Relativamente ao seu futuro, o técnico português acredita que um regresso a analista só poderia ser feito numa equipa grande com um treinador que tivesse muito para lhe oferecer em termos táticos, acreditando que o seu caminho terá sempre de ser feito fora de portas e nunca no cenário português.

“Em Portugal, tu só vais fazer isto nos SAW, não há outra equipa, a não ser que, por exemplo, os OFFSET voltassem. Falamos de valores de mercado diferentes dos que eram (praticados) antes, tem de se olhar para os resultados”, adiantou NABOWOW que já terá sido alvo de algumas abordagens.

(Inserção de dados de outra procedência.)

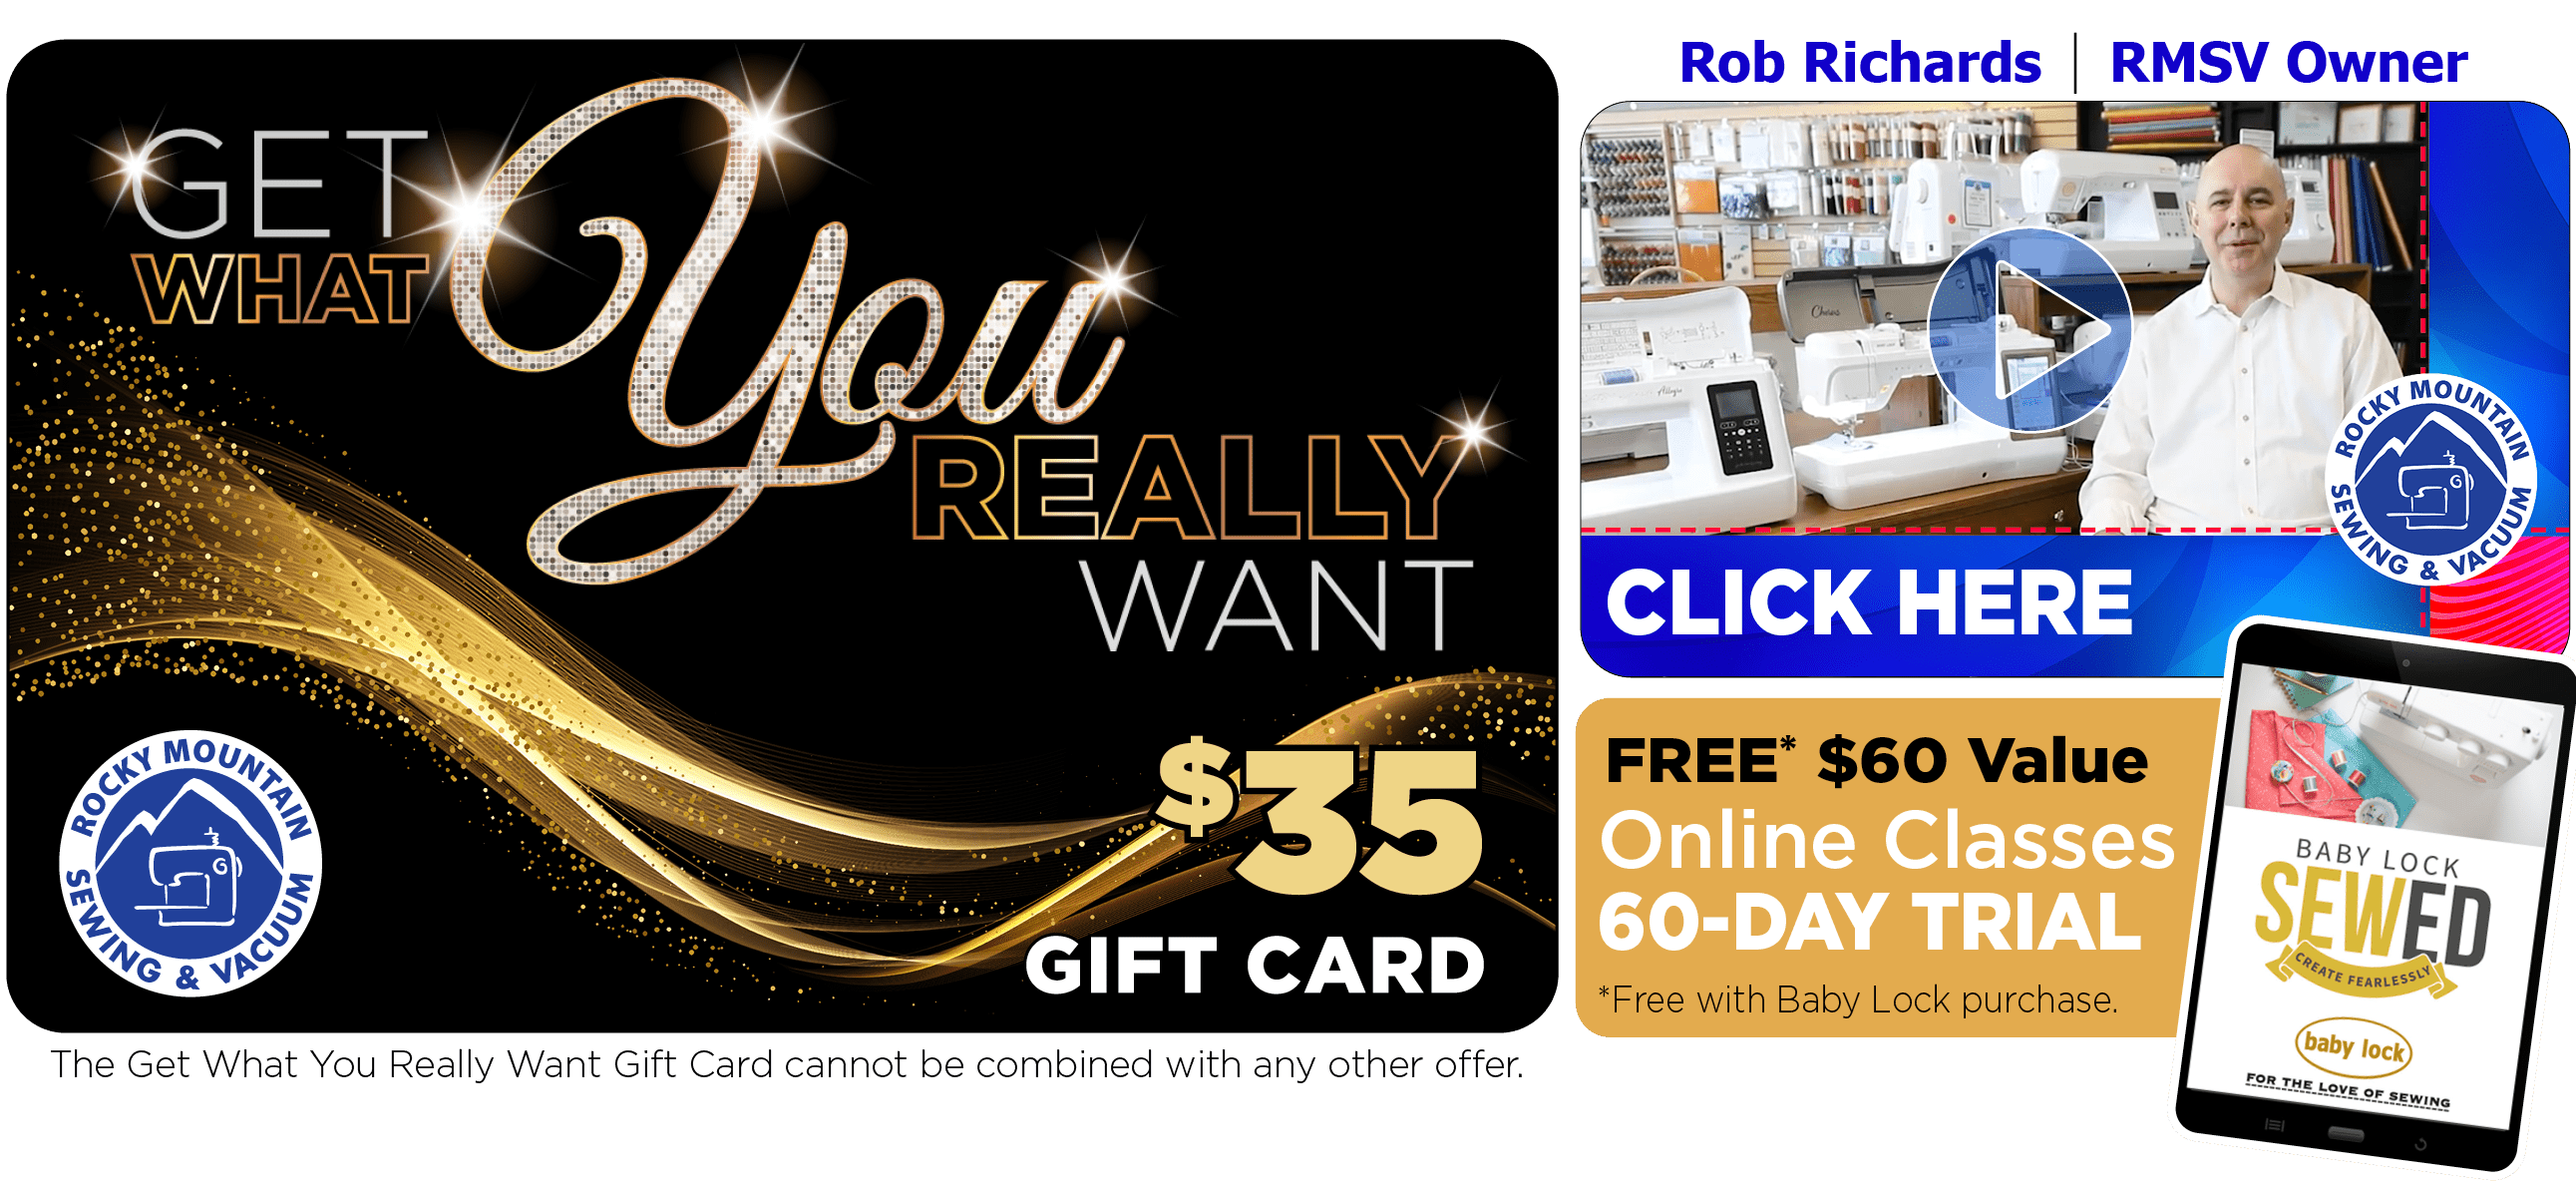 Get What You Really Want $35 Gift Card with Purchase

“Não recebi propostas oficiais ainda mas já surgiu interesse”, considerando forte uma das equipas que já o sondou com ambições de estar presente no Major, não tendo participado no torneio de Copenhaga. Ainda sobre hipóteses de futuro, equipas brasileiras são do agrado do português que se mostrou feliz com a associação à FURIA.

FalleN FURIA Major

“Qualquer um que dissesse que não gostava de treinar o FalleN, é mentiroso” | Fotografia por: PGL

“É um reconhecimento do meu trabalho”, concluiu NABOWOW sobre os pedidos feitos por fãs da equipa, considerando improvável a sua contratação para o projeto no qual tem interesse: “Seria mentiroso se dissesse que não gostava de treinar a FURIA.

Qualquer um que dissesse que não gostava de treinar o FalleN, é mentiroso. Se aceitava uma proposta para os treinar? Provavelmente sim (…) teria de receber primeiro a proposta e analisar, mas gostava.”

Nos próximos tempos, o técnico irá aproveitar para passar mais tempo com a família, namorada e amigos antes de explorar as suas opções para o futuro, estando já aberto a contactos e a planear o passo seguinte com foco também na transmissão do seu conhecimento.